Sydney (AFP) – As Britain mourned the death of Queen Elizabeth II on Friday, a series of dominions, kingdoms and former colonies marked the loss of a common figurehead and an irreplaceable link to an era that has come to an end. quickly fades.
Although she is 96, the Queen’s death came as an emotional jolt felt from Africa to the Pacific.
“Papua New Guineans in the mountains, valleys and coasts woke up this morning to hear that our Queen was brought to rest by God,” Prime Minister James Marape told his country.
“She was the anchor of our Commonwealth and for PNG we affectionately call her ‘Mama Queen,'” he said, just one of dozens of moving tributes that poured in from once colorful countries in pink on the cards.
In New Zealand, Prime Minister Jacinda Ardern read about her monarch’s poor health before going to bed.
A “police officer shined a torch in my room around 10:00 this morning… I knew immediately what that meant”.
“I am deeply saddened,” she added, fondly recalling conversations about parenting in the spotlight.
Across the Pacific in Canada, Prime Minister Justin Trudeau said the Queen will ‘forever remain an important part’ of his country’s history, but also offered personal stories that went beyond statements suffocating.
“She was one of my favorite people in the world,” he said. “I will miss these talks so much.”
Most of Britain’s former colonies have completely transformed since the fresh-faced Elizabeth Windsor ascended the throne in 1953.
India’s population at that time was around 380 million – down from 1.4 billion today – British forces brutally suppressed the Mau Mau revolt in Kenya, and New Zealand subject Edmund Hillary was making the first successful ascent of Mount Everest with his long-unrecognized Nepali partner, Tenzing. norgay.
For many, Elizabeth II represented one of the few remaining links with this fading era of empire, with “the old country”, with an intertwined history or the shared sacrifice of a savage world war.

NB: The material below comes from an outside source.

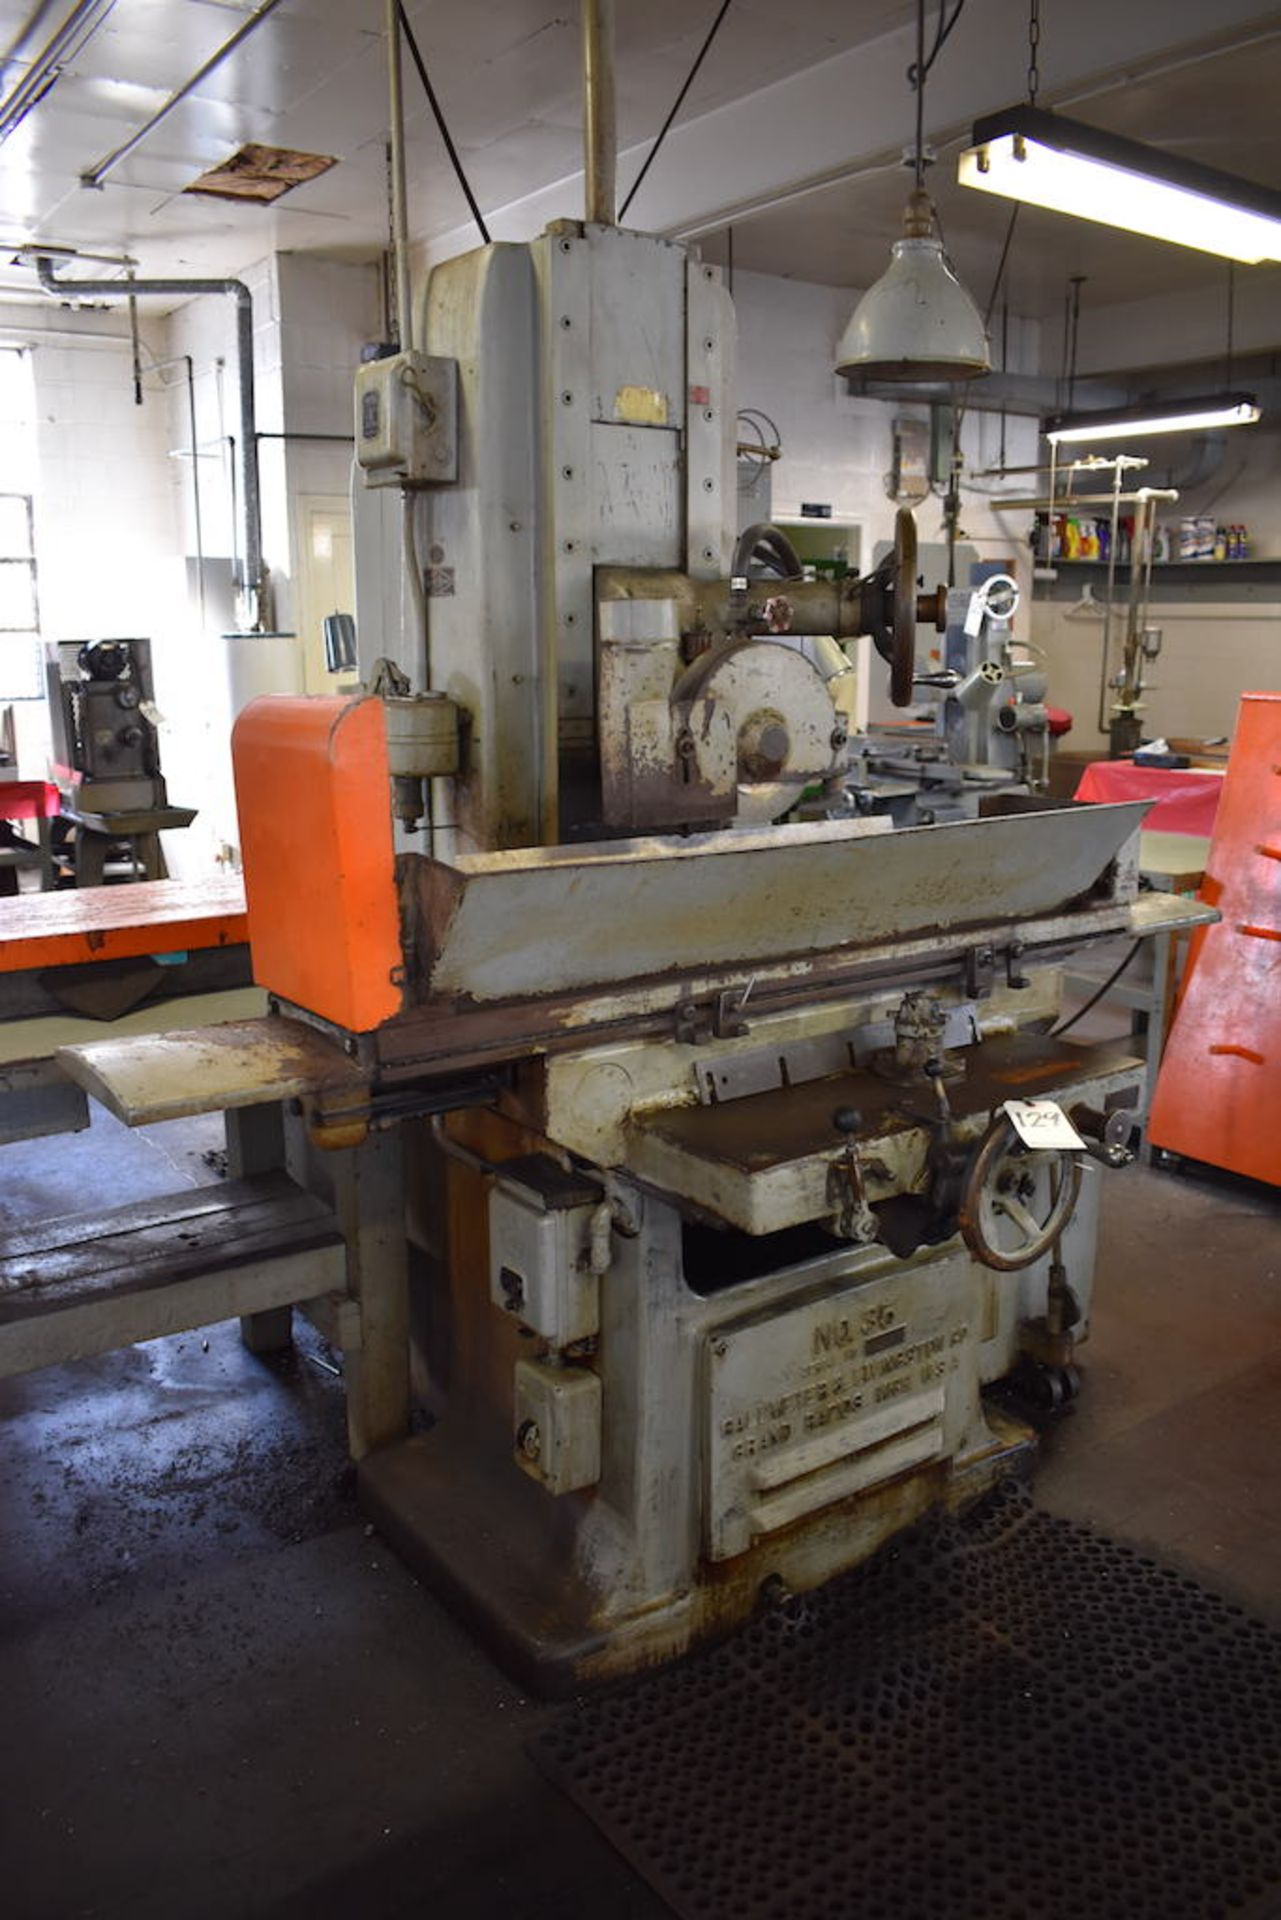 Gallmeyer & Livingston Grand Rapids No. 35 8 in. x 24 in. Hydraulic Surface Grinder, S/N S-35582- - Image 2 of 6

India’s Hindu nationalist Prime Minister Narendra Modi recalled Elizabeth II by showing her a handkerchief given to her by independence hero Mahatma Gandhi at his wedding.
“I will always cherish this gesture,” he wrote on Twitter. “She personified dignity and decency in public life. Saddened by her passing.”
“Cannot be replaced”
The death of Elizabeth II inevitably raised questions about whether the bonds forged in colonialism and sustained by the personal charisma of a petty monarch can endure.
The Queen had been a “driving force” in the Commonwealth, said Harsh V Pant, professor of international relations at the King’s India Institute in London.
The bloc of 56 countries – mostly former British colonies – spans Africa, Asia, the Americas, Europe and the Pacific, and includes 15 kingdoms where Elizabeth II was still head of state.
“So what’s happening to this Commonwealth now?” Will he survive in the future? Pant asked.
In Sydney, Maya Munro, 20, said the Queen was both an “incredible figurehead” and an example, especially for women.
But, like many young Australians, she imagines “a very different role” for the monarchy in the future.
“I think the Queen has been the monarchy for so long. And she’s brought her so much respect and history and honour,” she said.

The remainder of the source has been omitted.